Последнее лето перед революцией - страница 5



Пииии… Жжж… Бах!!!

Свист бомб, грохот снарядов. Канонада артиллерийской стрельбы.

Дикие крики раненых солдат.

Страшный саундтрек войны.

Но Николай его не слышит.

Вместо взрывов – приятная музыка.

Император сидит в полутемном зале провинциального синематографа и украдкой поглядывает на одиннадцатилетнего сына. Тот весь растворился в событиях, происходящих на экране. Военная хроника – его любимая. Цесаревич Алексей готов часами стоять на карауле у отцовской палатки, он собрал детскую «роту» из 25 сверстников и учит их маршировать, а еще своими руками вырыл себе настоящий окоп на берегу Днепра.

«Совсем как я в его возрасте», – с умилением думает Николай, вспоминая, как запоем читал «Войну и мир», пролистывая скучные страницы про мир26 – сражения куда увлекательнее! А у Алексея есть чудесная возможность перенестись на поля невымышленных боев без всякого риска для его чрезвычайно хрупкого здоровья – благодаря этой замечательной новинке, синематографу.

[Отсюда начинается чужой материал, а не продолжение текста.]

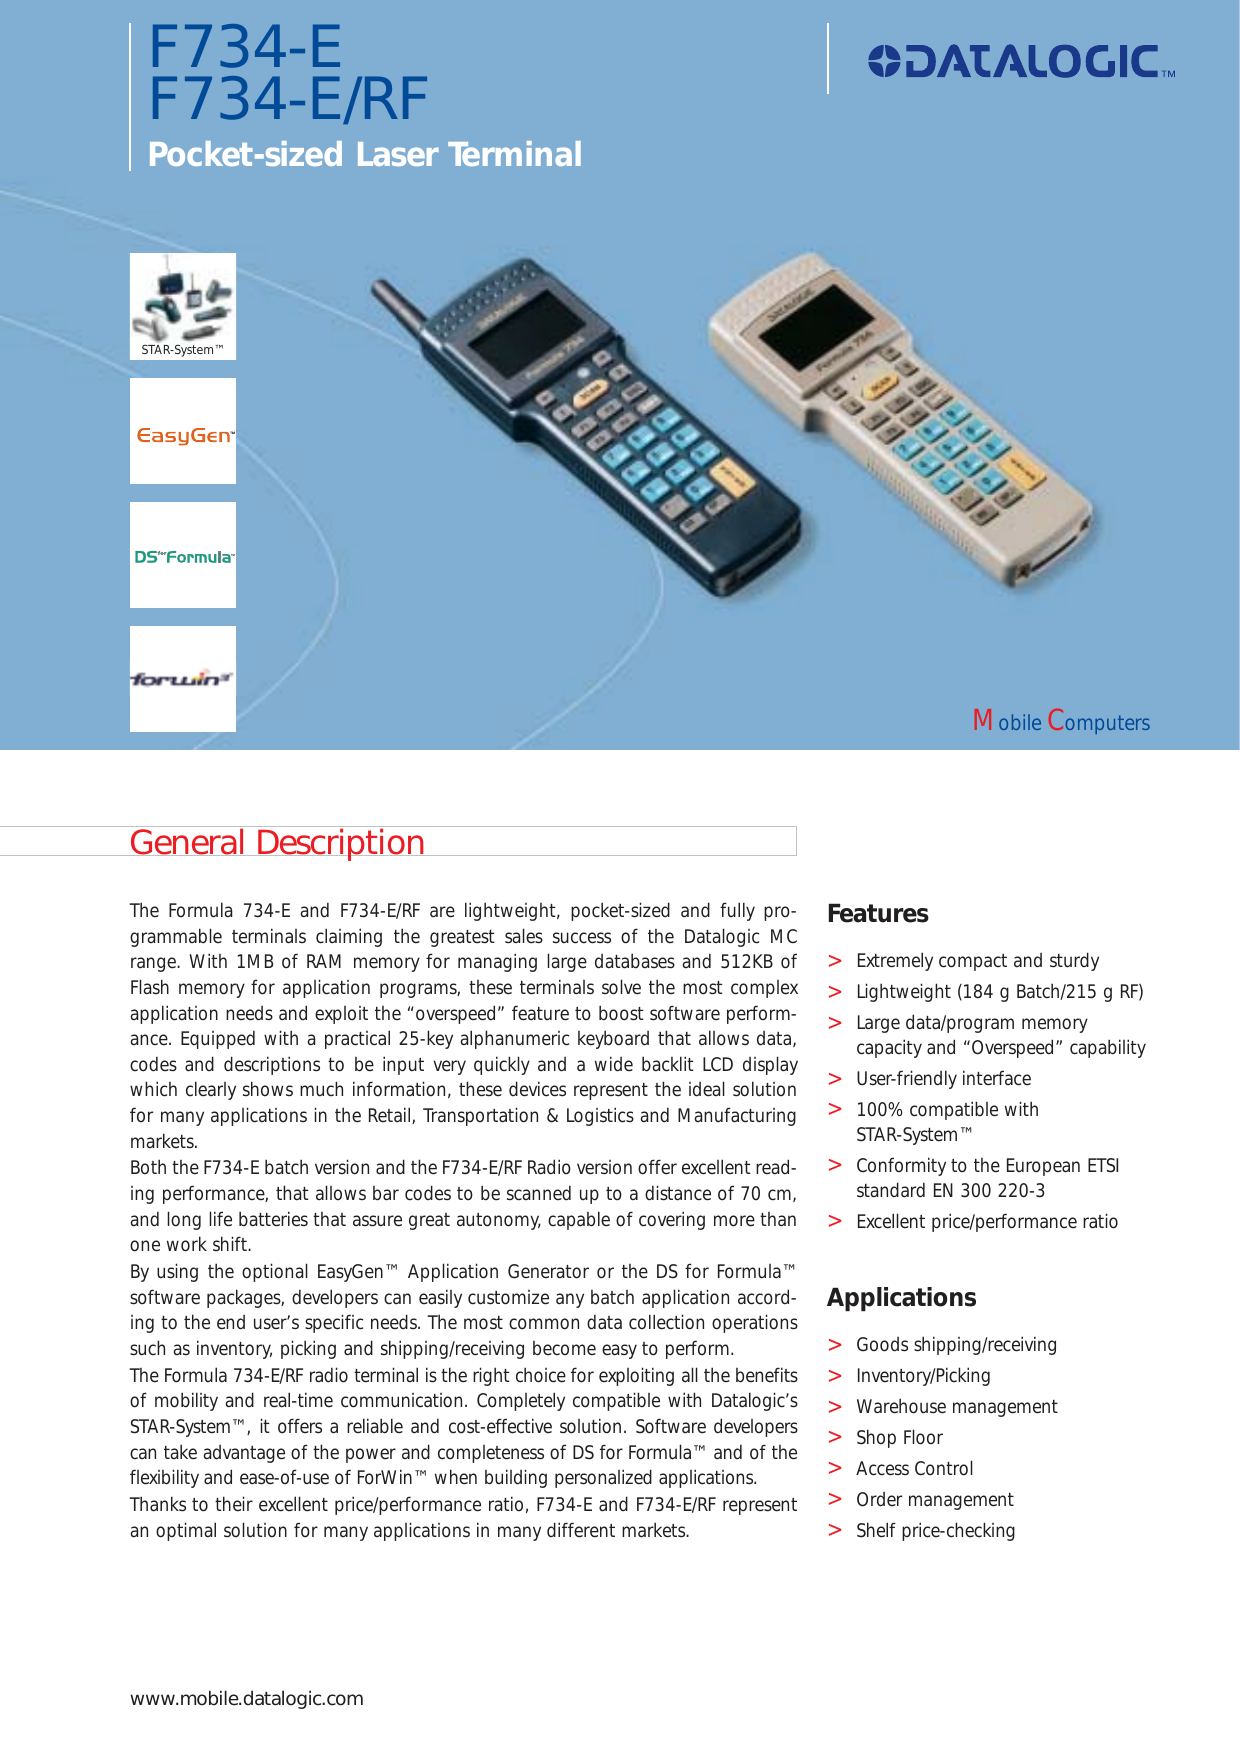 Datalogic Scanning Pocket Sized Laser Terminal F734 E Rf Users

Этим летом в могилёвском городском театре, приспособленном под показ фильмов, многолюдно, и публика столь же блестящая, как и в петербургской «Паризиане». Ведь Могилёв теперь – военная столица Российской империи! При прежнем главнокомандующем, великом князе Николае Николаевиче, город походил на строгий военный лагерь. Но сейчас здесь сплошная светская суета, интриги, сплетни… Аристократические мотыльки вьются вокруг мучительно притягательного светоча, который может и согреть, и опалить… Император здесь.

Вслед за монархом в маленький белорусский город переехал Двор, все командование, тысячи высших офицеров страны, именитые дворяне. Узкие улочки Могилёва заполнились автомобилями, в гостиницах «Бристоль» и «Метрополь» не осталось свободных мест. Город на Днепре не узнать – сколько невского лоска, сколько культурных событий, сколько бурных романов и захватывающих сплетен!

Вот как описывают этот период белорусские историки: «Очень быстро губернский город превратился в царскую резиденцию с соответствующим антуражем. Военные проблемы для многих отходили на второй план. Могилёвские девушки восхищались и флиртовали с офицерами Ставки… Для того, чтобы Николаю II было удобнее добираться до церкви, в апреле 1916 года туда была проложена асфальтовая дорожка от дома губернатора, где жил самодержец. Сделали ее за личные средства царя. За государственные же, в частности, приказом министра путей сообщения, в Могилёв доставили небольшую паровую яхту, на которой император летом совершал прогулки по Днепру».

Миссии и посольства европейских стран тотчас передислоцировались из Петербурга в Могилёв. Так, например, в августе 1916 года в Белоруссию прибыл посол Англии сэр Джордж Уильям Бьюкенен, чтобы вручить Николаю Орден Бани – символ особого рыцарского достоинства. Злая ирония судьбы! Меньше чем через год Николай будет отчаянно, без всякого уже достоинства, просить Британию спасти его от собственного народа; но одно дело – дать орден, и совсем другое – приют опальному монарху. Английский король Георг откажет двоюродному брату, испугавшись повторения петроградской кровавой бани – только теперь уже на берегах Темзы.

Но вернемся в душное лето тысяча девятьсот шестнадцатого. Как вспоминают сами могилёвцы, в те годы в городе было много иностранных военных представителей: «Генерал Бартельс, мрачный и насупленный грузный старик, был всегда чем-то недоволен. Серб был в восторге от русских. Французы тихо сидели в гостинице. Лишь иногда их представитель – генерал Жанен – появлялся на вокзале. Итальянцы красовались. Они выходили на наши маленькие улицы со специальной целью показать себя. И, действительно, было что посмотреть. Голубые, яркие пелерины, перекинутые через плечо, красивые южные лица, важная осанка, все в них приводило провинциалов в восхищение. Они бывали в театрах, клубах и не одно женское сердце, постаревшее за эти годы, начинает усиленно биться при воспоминании о их генерале, графе Ромей. Выделялся из всех японец Обата. К японцам вообще русские относились с любопытством. Маленький народ, которого не удалось закидать шапками, всегда вызывал в нас интерес. Обата был типичный сын своего народа. Он весь жил Японией и ее интересами. И в Ставке его ничто не интересовало, кроме того, как всякое событие может отразиться на интересах его родины. Он не страдал за наши неудачи и не радовался нашим успехам. Он наблюдал.